US Open: Justin Rose’s landmark triumph was built on greatness

Englishman breaks his Major duck with a performance that is sure to live long in the memory
Reuters
Kevin Garside18 June 2013

If the measure of a champion is not only the scale of his win but the manner in which it is delivered then Justin Rose can be doubly proud of his victory at the US Open, his maiden major championship and the first by an Englishman for 17 years.

The glance to the heavens, accompanied by a kiss, was a tribute to his father, Ken, the figure behind his early grounding in the game, who died a decade ago of leukaemia. It was, Rose said, his father about whom he was thinking as he closed out the championship over the hardest holes in golf.

"It wasn't lost on me that today was Father's Day,” he said. “A lot of us come from great men and we have that responsibility to show our children what a great man can be. My goal was to carry myself in a way that I could be proud. I couldn't help but look up to the heavens and think my dad had something to do with it.”

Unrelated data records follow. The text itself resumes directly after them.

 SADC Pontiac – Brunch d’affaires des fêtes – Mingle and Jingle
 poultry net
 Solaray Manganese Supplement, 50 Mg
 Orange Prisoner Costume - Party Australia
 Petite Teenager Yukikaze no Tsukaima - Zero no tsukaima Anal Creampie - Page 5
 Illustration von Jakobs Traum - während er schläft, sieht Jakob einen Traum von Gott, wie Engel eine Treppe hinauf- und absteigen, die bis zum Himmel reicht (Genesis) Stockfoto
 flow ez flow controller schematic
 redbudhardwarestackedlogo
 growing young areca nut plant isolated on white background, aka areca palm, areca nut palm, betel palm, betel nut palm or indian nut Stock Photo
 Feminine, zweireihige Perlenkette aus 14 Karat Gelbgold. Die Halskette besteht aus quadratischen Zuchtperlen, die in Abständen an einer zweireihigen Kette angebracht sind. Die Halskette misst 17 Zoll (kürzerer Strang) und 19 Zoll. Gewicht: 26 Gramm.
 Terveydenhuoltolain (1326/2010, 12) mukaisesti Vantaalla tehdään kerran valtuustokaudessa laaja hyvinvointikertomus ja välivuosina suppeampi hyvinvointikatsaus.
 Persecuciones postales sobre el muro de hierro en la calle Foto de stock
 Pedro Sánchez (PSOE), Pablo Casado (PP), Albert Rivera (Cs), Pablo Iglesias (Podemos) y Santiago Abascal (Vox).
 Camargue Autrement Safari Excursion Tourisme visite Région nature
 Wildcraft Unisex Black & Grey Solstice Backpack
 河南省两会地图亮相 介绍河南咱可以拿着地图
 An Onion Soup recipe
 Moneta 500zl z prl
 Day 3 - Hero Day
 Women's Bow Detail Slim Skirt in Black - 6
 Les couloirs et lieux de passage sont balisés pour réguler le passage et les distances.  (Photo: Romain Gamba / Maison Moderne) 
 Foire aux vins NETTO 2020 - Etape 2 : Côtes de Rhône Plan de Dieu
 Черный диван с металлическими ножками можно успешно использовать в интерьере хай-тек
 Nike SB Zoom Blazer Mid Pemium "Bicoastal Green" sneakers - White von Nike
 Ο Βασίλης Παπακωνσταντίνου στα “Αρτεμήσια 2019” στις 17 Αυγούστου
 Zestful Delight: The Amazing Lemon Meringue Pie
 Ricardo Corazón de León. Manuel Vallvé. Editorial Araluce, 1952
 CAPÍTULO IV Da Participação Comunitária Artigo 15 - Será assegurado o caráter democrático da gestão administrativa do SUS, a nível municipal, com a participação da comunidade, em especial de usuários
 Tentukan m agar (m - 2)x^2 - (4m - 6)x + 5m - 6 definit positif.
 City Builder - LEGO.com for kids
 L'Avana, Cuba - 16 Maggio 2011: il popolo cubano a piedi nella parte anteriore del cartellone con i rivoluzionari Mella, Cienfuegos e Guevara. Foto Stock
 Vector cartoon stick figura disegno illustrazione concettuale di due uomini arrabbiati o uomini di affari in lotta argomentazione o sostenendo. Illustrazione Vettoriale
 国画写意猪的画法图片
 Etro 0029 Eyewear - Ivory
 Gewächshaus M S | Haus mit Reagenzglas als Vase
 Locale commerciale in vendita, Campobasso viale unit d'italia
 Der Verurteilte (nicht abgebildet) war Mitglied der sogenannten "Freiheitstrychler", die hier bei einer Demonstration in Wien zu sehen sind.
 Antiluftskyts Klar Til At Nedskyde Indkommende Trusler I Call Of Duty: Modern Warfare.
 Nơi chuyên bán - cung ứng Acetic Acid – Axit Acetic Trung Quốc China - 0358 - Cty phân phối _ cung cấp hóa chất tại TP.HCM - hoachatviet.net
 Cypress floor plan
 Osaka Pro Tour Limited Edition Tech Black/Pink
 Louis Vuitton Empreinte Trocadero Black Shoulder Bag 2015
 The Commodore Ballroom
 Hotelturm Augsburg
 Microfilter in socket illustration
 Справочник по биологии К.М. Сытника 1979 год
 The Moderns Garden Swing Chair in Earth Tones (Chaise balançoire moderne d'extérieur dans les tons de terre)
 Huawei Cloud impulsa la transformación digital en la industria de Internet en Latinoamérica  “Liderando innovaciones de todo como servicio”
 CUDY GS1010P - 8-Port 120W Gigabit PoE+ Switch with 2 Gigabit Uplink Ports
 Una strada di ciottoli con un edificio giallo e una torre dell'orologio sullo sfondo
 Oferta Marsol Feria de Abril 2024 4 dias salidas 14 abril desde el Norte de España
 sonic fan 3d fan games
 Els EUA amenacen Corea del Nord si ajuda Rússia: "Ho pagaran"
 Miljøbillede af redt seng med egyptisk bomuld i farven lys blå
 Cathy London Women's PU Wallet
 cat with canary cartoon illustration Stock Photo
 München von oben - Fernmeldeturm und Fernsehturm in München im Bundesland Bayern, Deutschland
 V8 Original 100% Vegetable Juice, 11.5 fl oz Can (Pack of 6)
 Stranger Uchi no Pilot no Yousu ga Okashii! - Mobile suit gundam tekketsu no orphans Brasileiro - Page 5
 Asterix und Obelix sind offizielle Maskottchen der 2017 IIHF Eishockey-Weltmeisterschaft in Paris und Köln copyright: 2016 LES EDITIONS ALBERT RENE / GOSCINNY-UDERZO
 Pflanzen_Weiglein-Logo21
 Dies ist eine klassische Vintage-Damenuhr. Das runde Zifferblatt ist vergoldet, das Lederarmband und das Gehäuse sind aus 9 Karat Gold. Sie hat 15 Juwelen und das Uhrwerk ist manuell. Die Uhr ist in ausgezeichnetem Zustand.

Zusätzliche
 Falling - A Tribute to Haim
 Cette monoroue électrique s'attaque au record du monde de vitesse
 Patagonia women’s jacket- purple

The scenes at the final hole will live with Rose for the rest of his days. Though Nick Faldo was the last from England to win a major at the Masters in 1996 we must go all the way back to 1970 to find a name from the mother country engraved on the US Open trophy, that of Tony Jacklin.

If Rose never wins another major the memory of what he achieved will sustain him. This is no ordinary course, no routine event. The US Open makes the greatest demand of a golfer and had to be won. When the pressure was at its height Rose was the man who dared to win, seeing off not any rank and file tour player but American hall-of-famer Phil Mickelson down the stretch, as they say in these parts.

Rose’s tee shots at the forbidding 17th and 18th holes were gun-barrel straight, the latter landing a metre from the Hogan plaque. Symbolism was dripping off his club when he lashed his approach to the back of the green, emulating the Hogan 1-iron in 1950, framed for all time in the iconic photograph taken by Hy Peskin. Having only narrowly missed the pin Rose left his third shot, hit through the fringe with a 3-wood, on the rim of the cup for a tap-in par.

Mickelson still had a birdie to force a play-off but without a driver in the bag was always going to struggle to advance his ball far enough up the hill off the tee. He was short with his approach and needed to chip in to take Rose to extra time. Not even Lefty on his 43rd birthday could conjure that kind of magic.

And so Rose had done it at last, 15 years after blazing into this sporting life at Royal Birkdale, a 17-year-old boy chipping in for fourth place at The Open. He turned pro immediately, racking up those 21 missed cuts that for so long defined him. He can forget about them now.

“When I was missing 21 cuts in a row, I was just trying to not fade away, really. I just didn't want to be known as a one hit wonder, a flash in the pan,” he said. “I believed in myself inherently, deep down I always knew that I had a talent to play the game. I thought that if I put talent and hard work together, surely it will work out in the end.

“The other thing that I was able to do during that period was not beat myself further and further into the ground. If I missed a cut by five one week and by two the next week, I would kind of tell myself that I was getting better.

“But also there have been times in my career when I found it hard to close out tournaments, and I think a lot of that goes back to that sort of scar tissue of early in my career. I feel like since I started winning in 2010, I had a two win season over here on the PGA TOUR, that was when I first felt like I was over the start to my pro career and I could move on and believe in myself and be confident and trust myself under pressure.”